Nicoleta is flying again. There are still wounds, but time will heal them, because God takes care of each and every swallow!

Nicoleta was abandoned, a soul with broken wings who found strength to fly again through the love of a family! Each child has the right to a family, the right to experience unconditional love and a healthy environment and so to rise and learn to fly again!

Meet Laurențiu

Laurențiu is the oldest from a family of five children. I write to you about him with lots of emotion, because I was a part of many "firsts" in his life. I was there for his first time in a city, his first summer camp, his first time in a grocery store, his first time on the train, his first time at a restaurant – and many more.

Laurențiu and his younger siblings in their home.

Laurențiu and his younger siblings in their home.

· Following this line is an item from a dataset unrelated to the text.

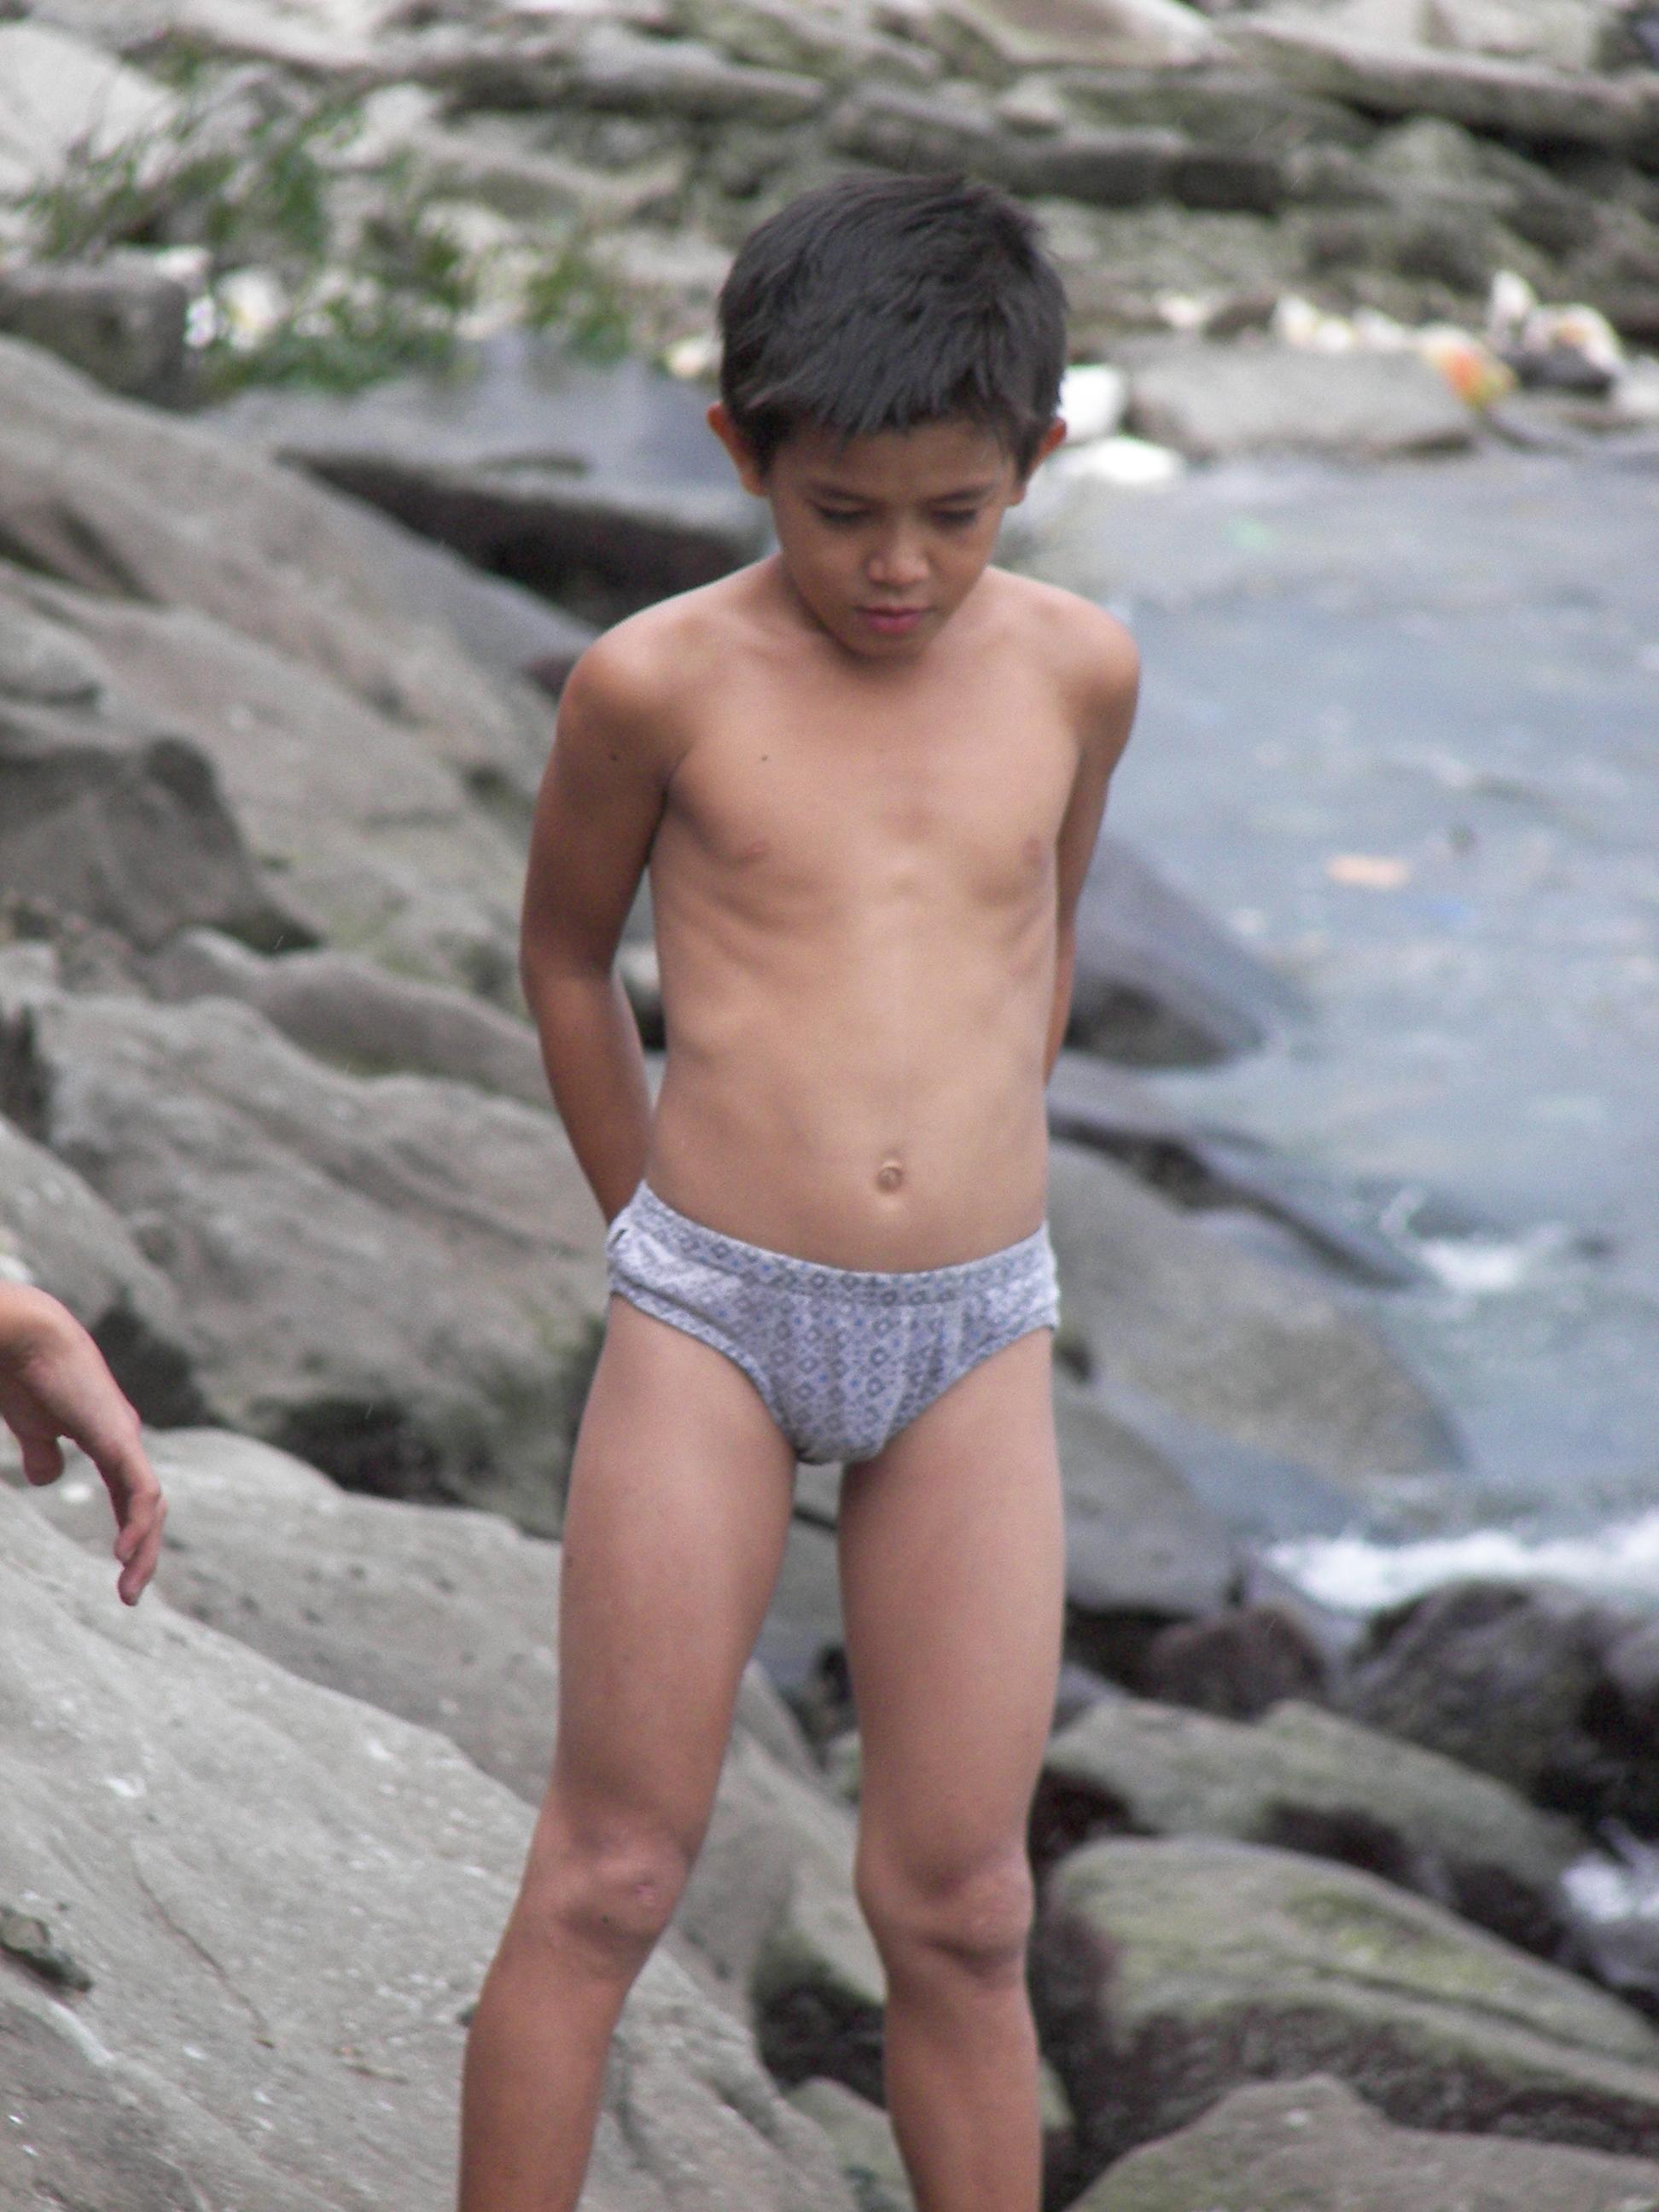 Street hunting boys nude nude image

  Laurențiu is a happy kid – he is smart, a hard worker and full of life. But his life is difficult because he carries burdens no child should have to carry. His mother has special needs and his father does not support his family. Often, ten-year-old Laurențiu cares for the house and his little siblings.

Whoppers!

Whoppers!

            Our Poverty Prevention team has become deeply involved in his life.

We regularly give him the opportunity to come to Arad to socialize and to learn daily life skills like personal hygiene, how to clean his house and how to navigate a bustling city.

Laurențiu and Doina from Poverty Prevention.

Laurențiu and Doina from Poverty Prevention.

            We believe each child has a right to be educated, and we work hard to give them the opportunities and support they need to thrive. By doing so, we are helping to raise a better society!